--- Problem requirements ---
Copy each line, word for word, from the one with "A Bad Humidifier" through the final line of the listing, but skip the pictures.

--- Dataset extract ---
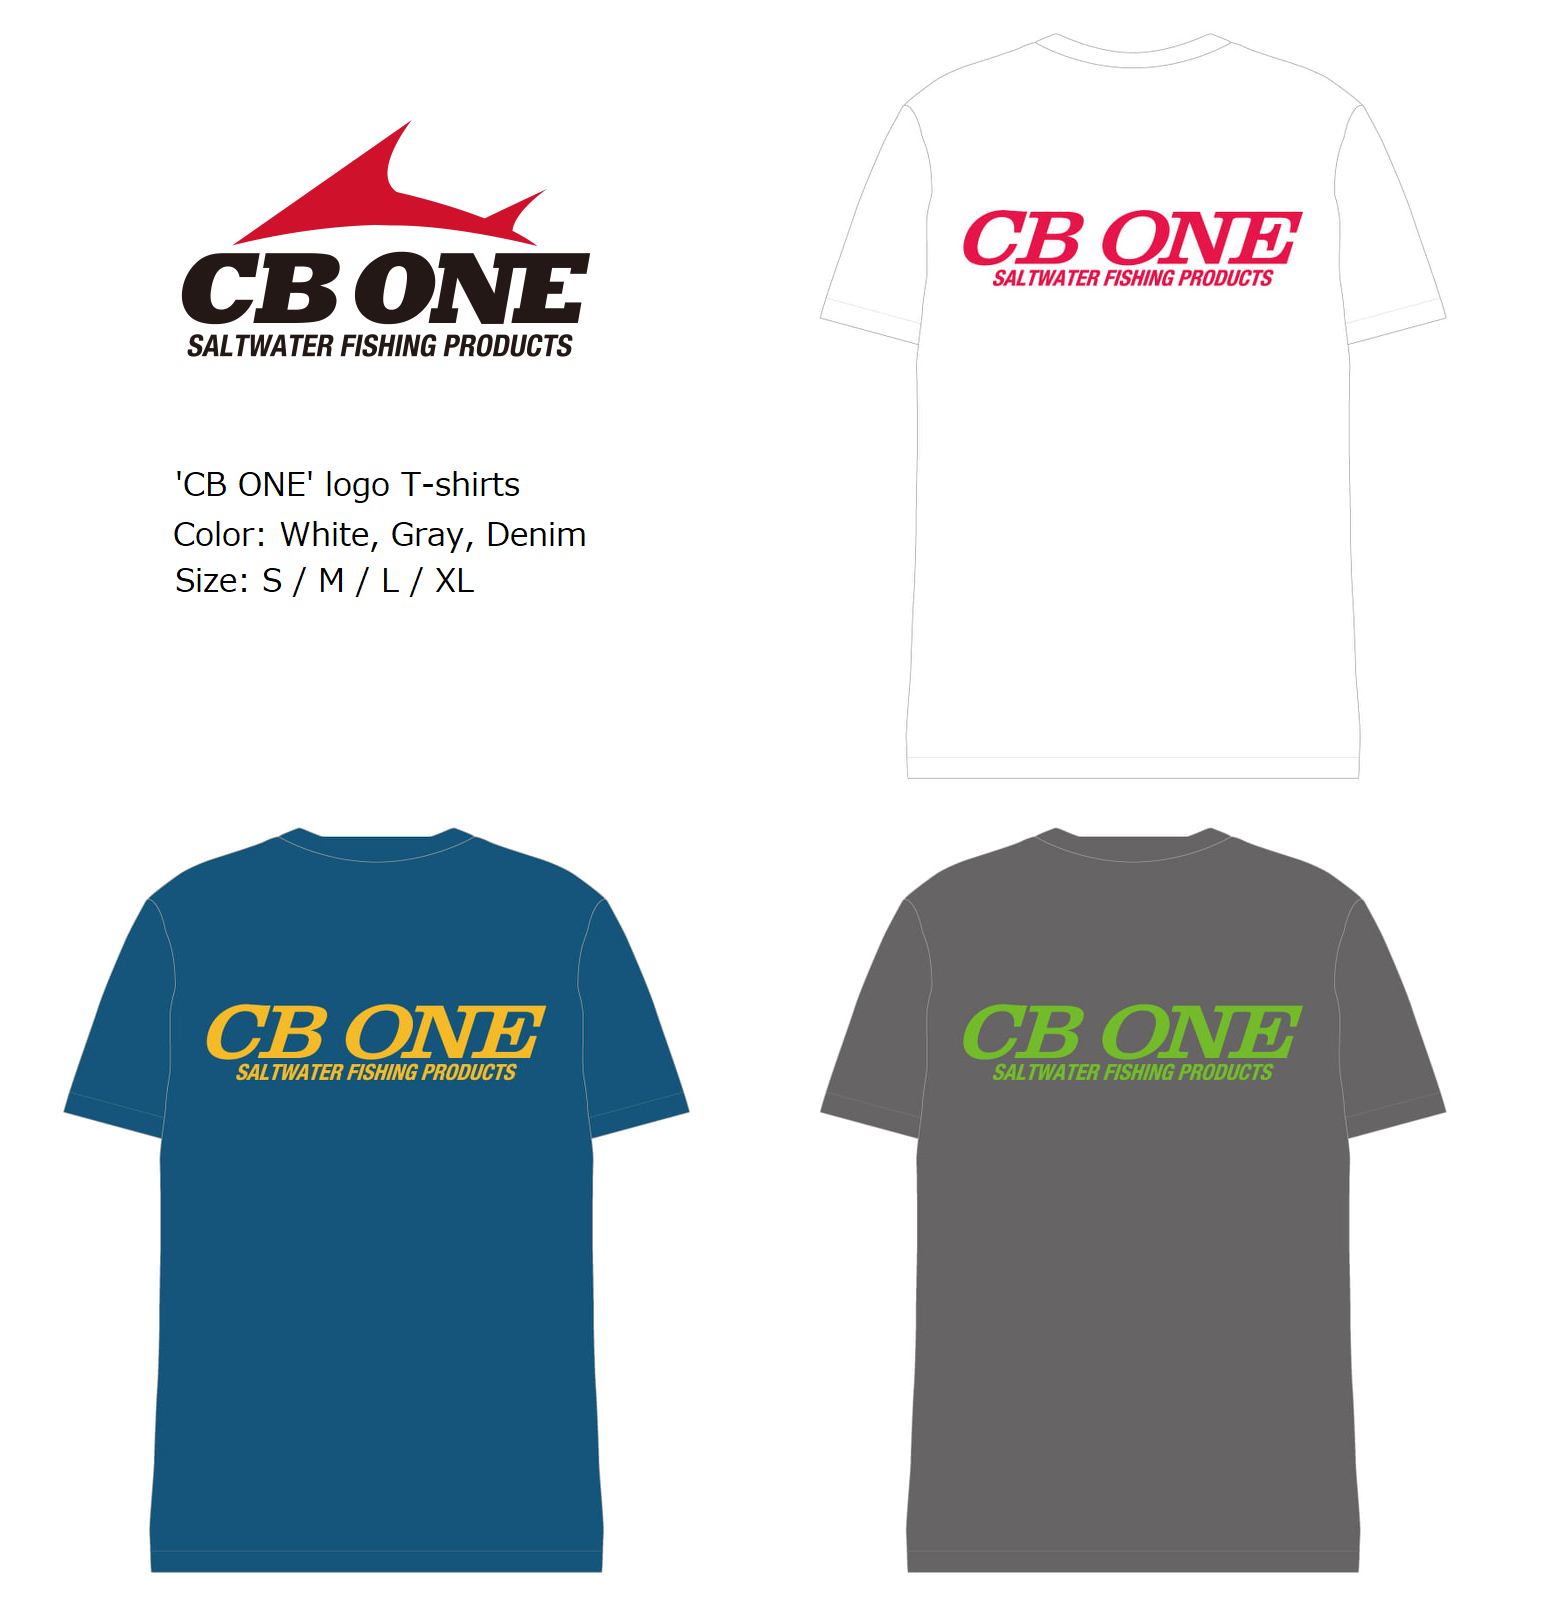 CB ONE logo T-shirts
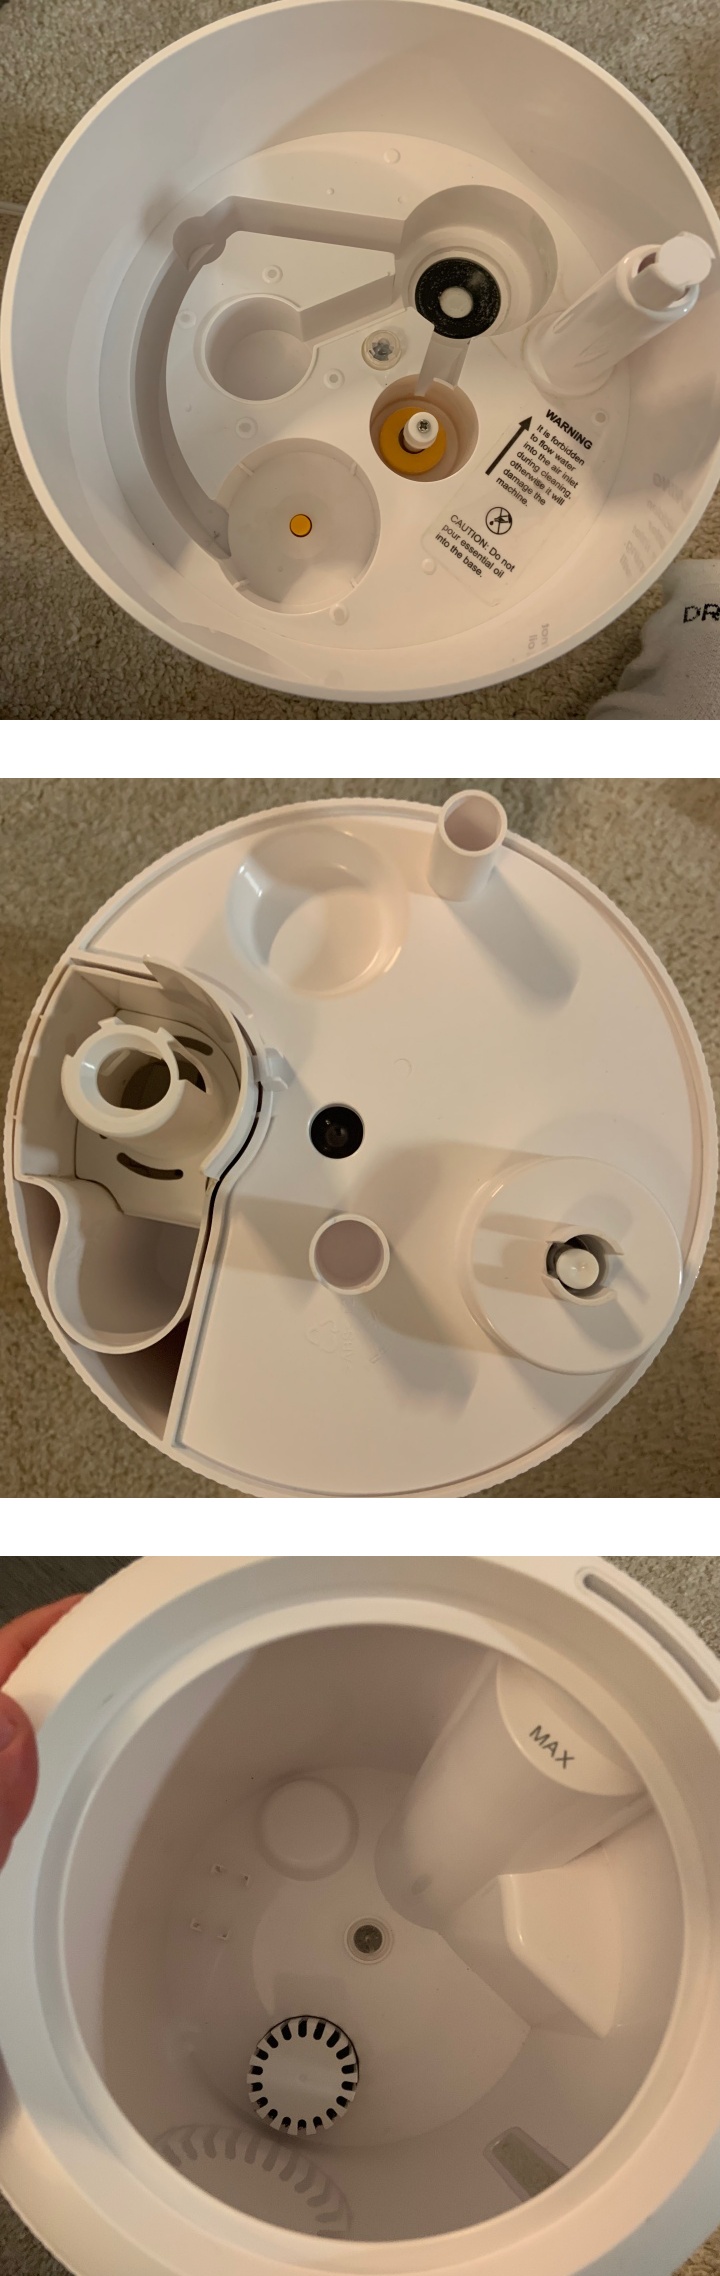 A Bad Humidifier
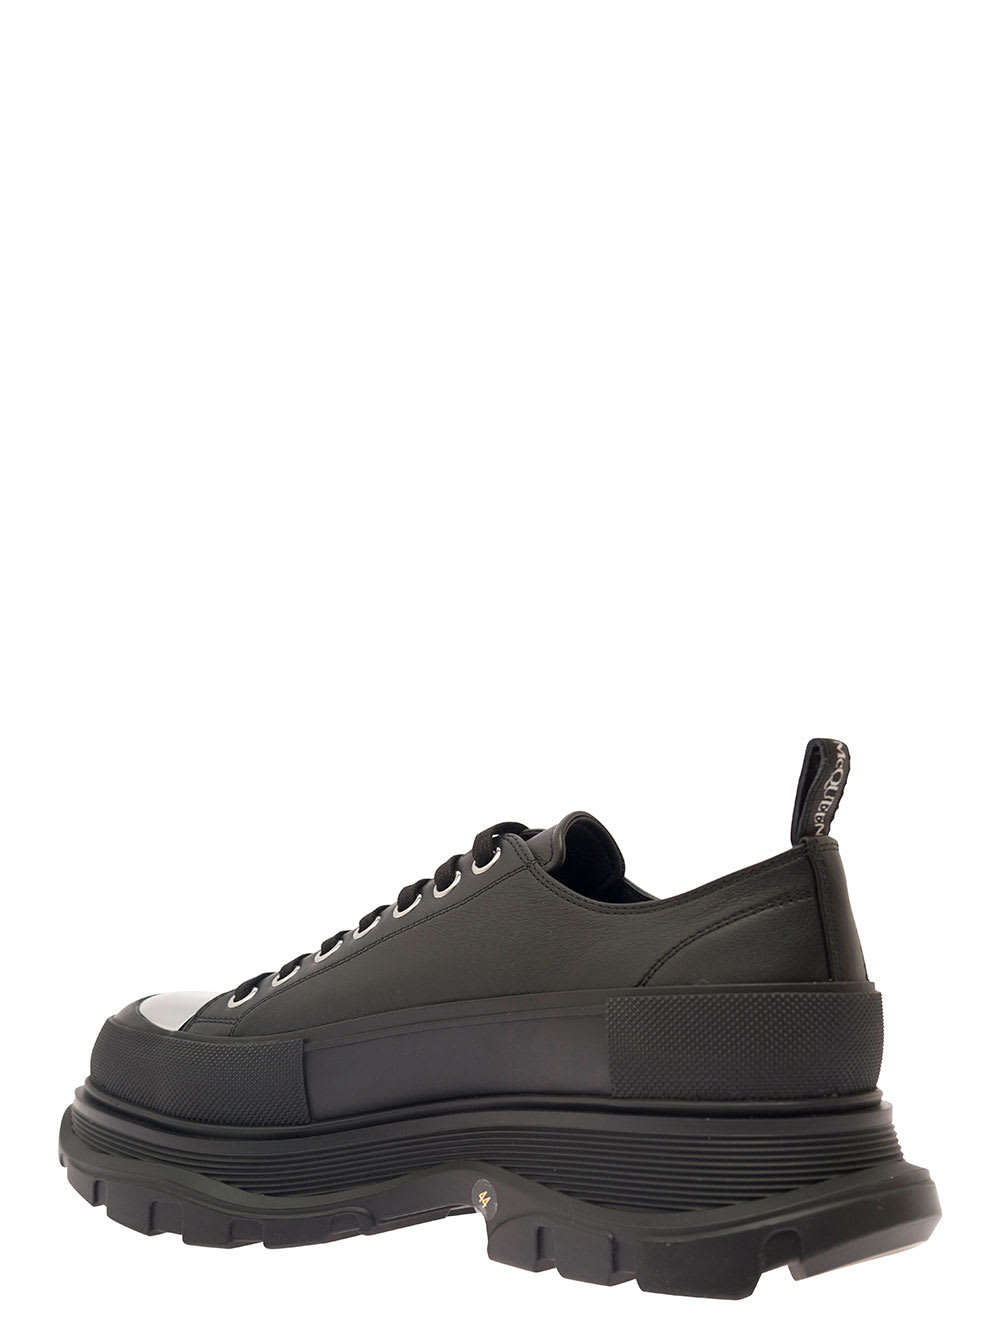 Shop Alexander Mcqueen Trade Slick Black Sneakers With Oversized Platform And Metallic Toe In Leather Man

--- Result of the exercise ---
 A Bad Humidifier
 Shop Alexander Mcqueen Trade Slick Black Sneakers With Oversized Platform And Metallic Toe In Leather Man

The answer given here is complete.